Yields on U.S. government debt finished mixed on Friday amid lower volatility as traders absorbed the election of Donald Trump as U.S. president and the Federal Reserve's 25-basis-point interest-rate cut.
What happened
-- The yield on the 2-year Treasury BX:TMUBMUSD02Y rose 3.7 basis points to 4.253%, from around 4.216% Thursday. For the week, the yield advanced 5.2 basis points. It is up 69.1 basis points over the past six weeks. Yields move in the opposite direction to prices.

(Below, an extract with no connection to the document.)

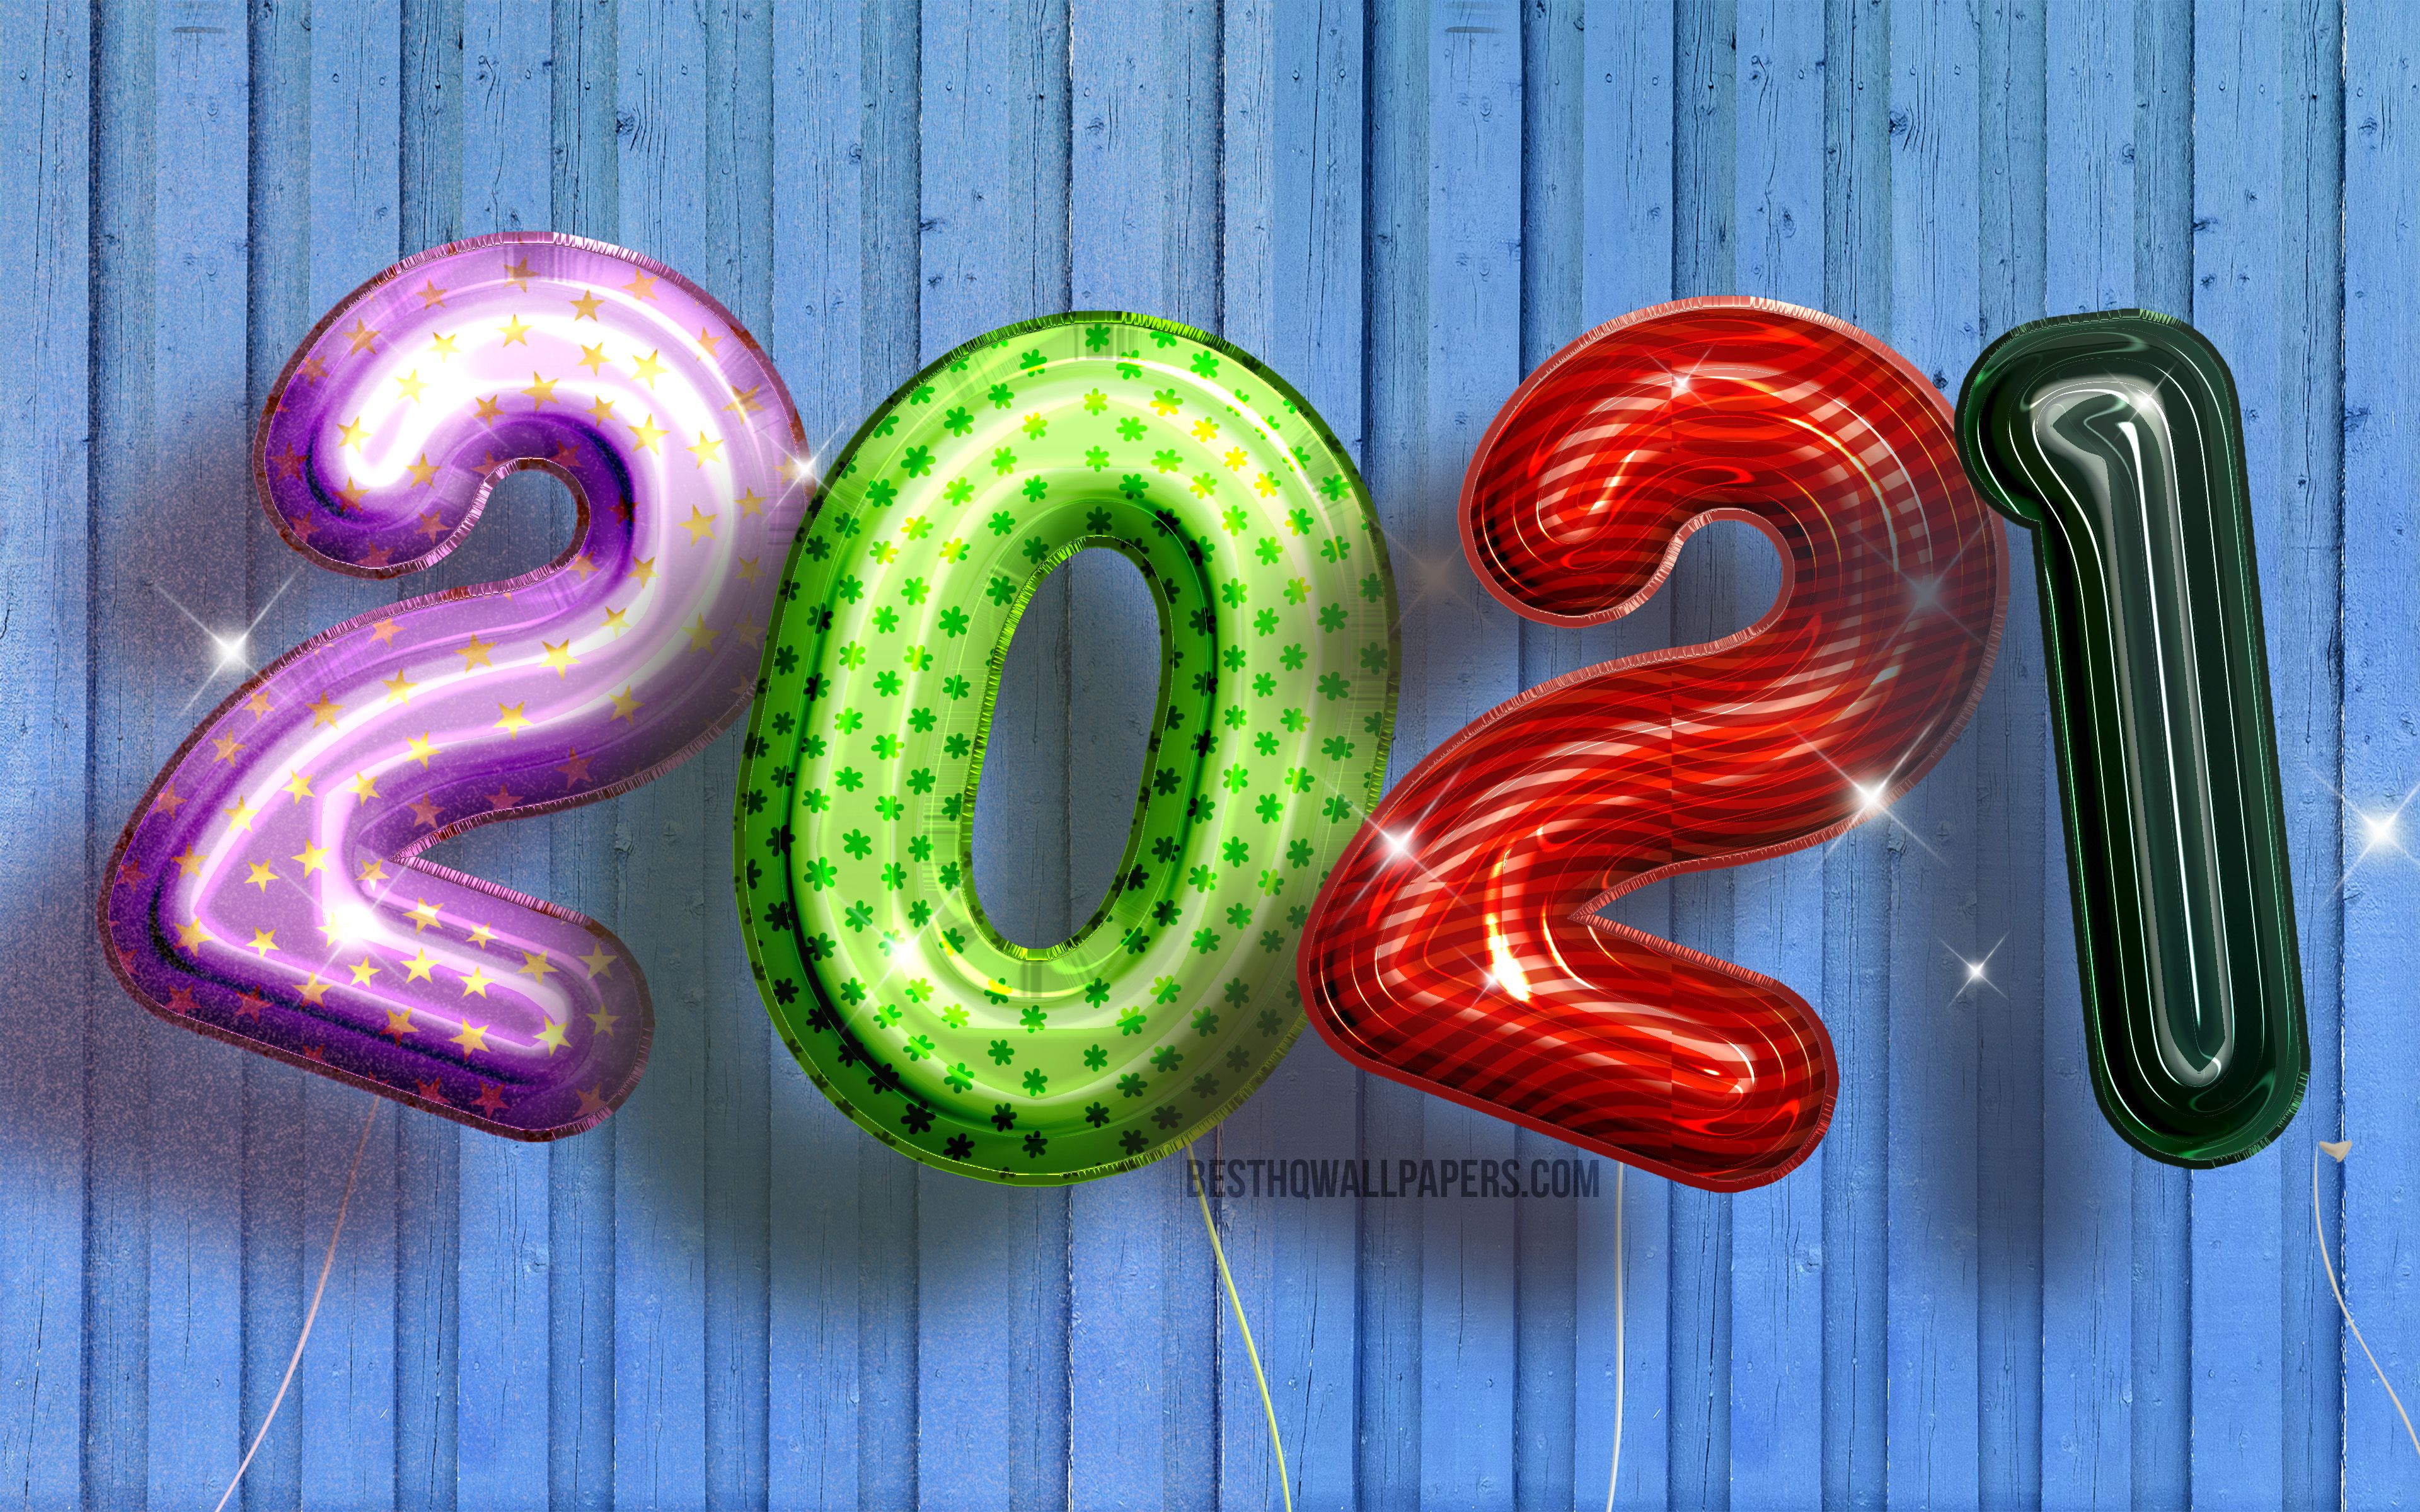 Download wallpaper 4k, Happy New Year colorful realistic balloons, 2021 colorful digits, 2021 concepts, 2021 new year, 2021 on blue background, 2021 year digits, New Year 2021 for desktop with resolution 3840x2400. High Quality HD picture

-- The yield on the 10-year Treasury BX:TMUBMUSD10Y fell 3.4 basis points to 4.307%, from 4.341% on Thursday. For the week, it declined 5.4 basis points.
-- The yield on the 30-year Treasury BX:TMUBMUSD30Y dropped 6.6 basis points to 4.478%, from 4.544% on Thursday. It declined 8.2 basis points this week.
-- The bond market is closed on Monday for the Veterans Day holiday.
What's driving markets
The Treasury market navigated two big events this week - Tuesday's presidential election and Thursday's rate cut by the Fed - prompting investors to sharply pare back bets on volatility. The ICE BofAML MOVE Index, a measure of expected volatility in the Treasury market, has tumbled to around 104.8, down sharply from where it was at the start of this week.
"The bond market feared chaos and uncertainty around the election and Fed meeting, but that did not come to pass," Jim Bianco of Bianco Research said in an online post on the X social-media platform.
Though the MOVE index has declined, this doesn't mean investors should expect yields to continue falling because - unlike the Cboe Volatility Index VIX tracking S&P 500 SPX volatility expectations - "the correlation between yields and the MOVE is zero," Bianco wrote.
"Lower volatility is not going to make yields go down," he said.
Indeed, yields on everything from the 6-month Treasury bill BX:TMUBMUSD06M through the 5-year note BX:TMUBMUSD05Y finished higher in Friday's session, according to FactSet data. The rise in the 2-year yield came as the market-implied likelihood of no rate action by the Fed in December edged up to 35.1%, according to the CME FedWatch Tool.
In data released on Friday, a survey of consumer sentiment rose to a seven-month high shortly before the election of former President Donald Trump.